One of the key flourishing industries in the world, India’s toy market is currently valued at $500 million out of a booming $90 billion global market. Statistics reveal that 80% of Indian toys are Chinese imports, while non-branded Chinese toys account for 90% of India’s market. Even though exports by the toy manufacturing industry from India amounted to $130 million during 2019-2020 with the USA and UK [1]being the lead exporters, the disparity and unutilized potential do not escape one’s attention.

As the second-most populated country in the world with almost 26% of its population below 15 years old, India has one of the largest consumer bases in the world. In fact, when the global average for demand growth is 4.6% [2]it is forecasted to have a growth of 13.3% CAGR [3]within 2026 i.e. almost thrice the global average. Adding on to this the toy industry of the country is also expected to reach $3.3 billion dollars by 2024!
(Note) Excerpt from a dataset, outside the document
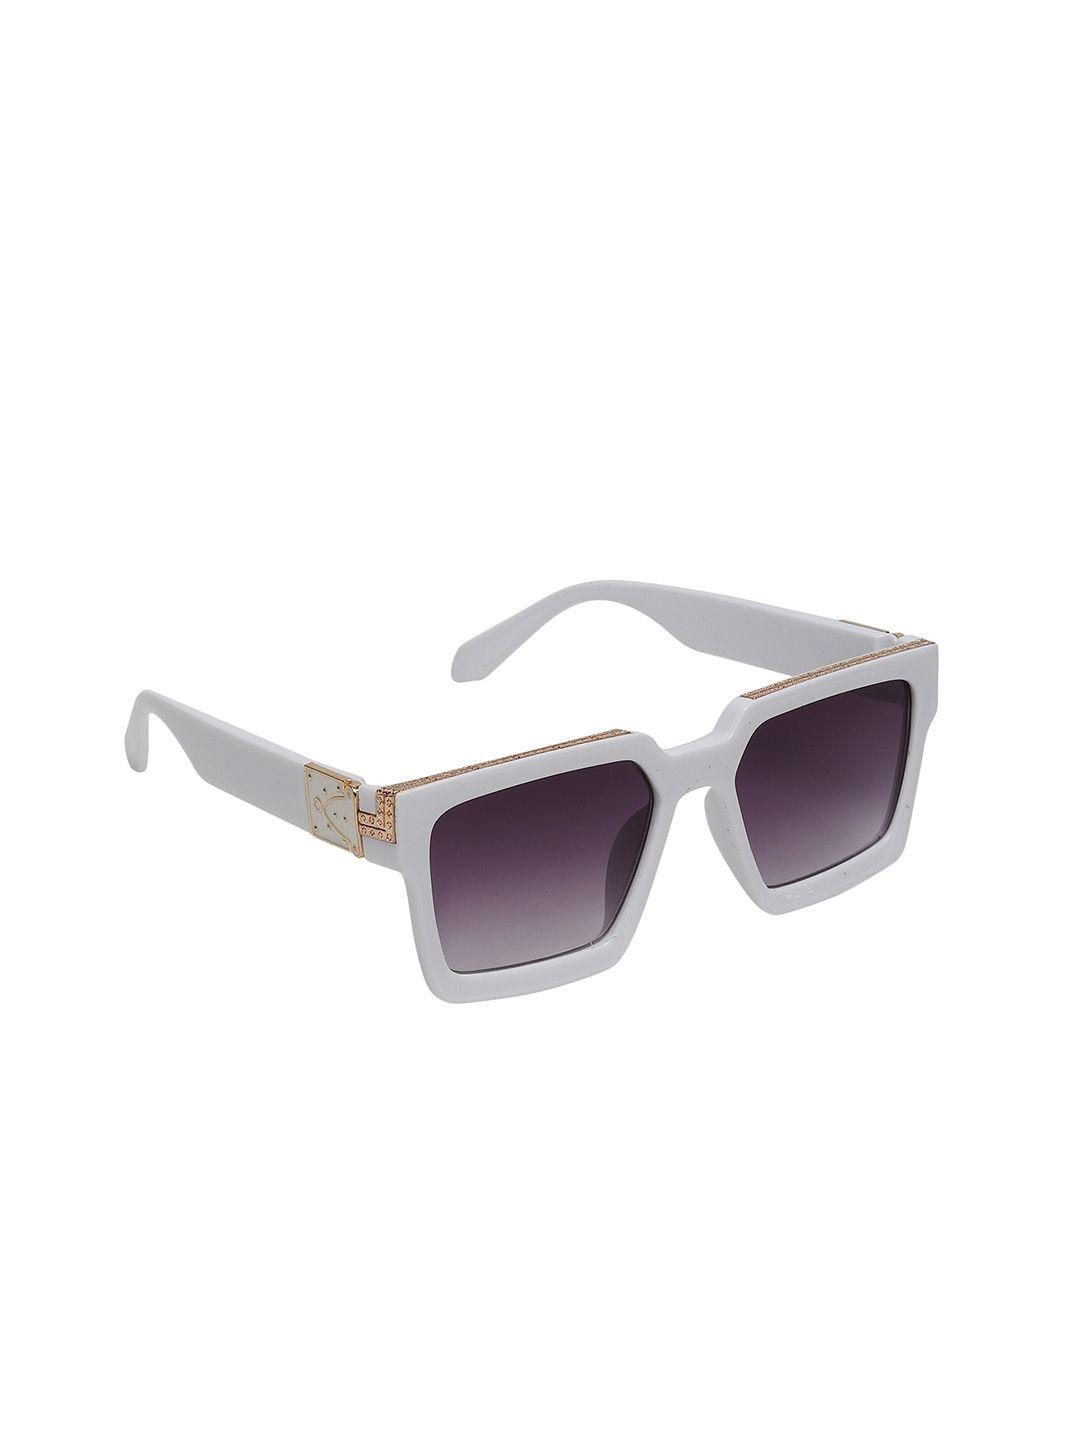 celebrity sunglasses unisex purple lens & white wayfarer sunglasses cl-eddy-jass-01

India’s economic growth has also increased the disposable income of its citizens, thus driving up demand in a market with a whopping consumer base of roughly 338 million. Moreover, there has been a major shift from traditional, medium- to low-end battery-operated toys, towards innovative electronic toys, intelligent toys as well as upmarket plush toys.[4] The boom of e-commerce in India has also had a role to play, with customers turning to shop for toys within the comfort of their own homes.

Associations and Committees Representing the Toy Industries in India:

 

1.Toy Association of India

  • Headquartered in New Delhi, the toy Association of India was established in 1995 with a view to bringing together toy manufacturers, traders and end-users to promote higher business relations.
  • It has a presence all over the country and has 600 registered members, out of which 275 are toy manufacturers.
  • Assists the toy industry in up-gradation of the industry’s units with modern machinery to maintain quality standards.
  • Attempts at creating a more conducive relationship between the government and the industry by offering policy recommendations, communicating the industry’s problems in the interest and growth of the toy industry.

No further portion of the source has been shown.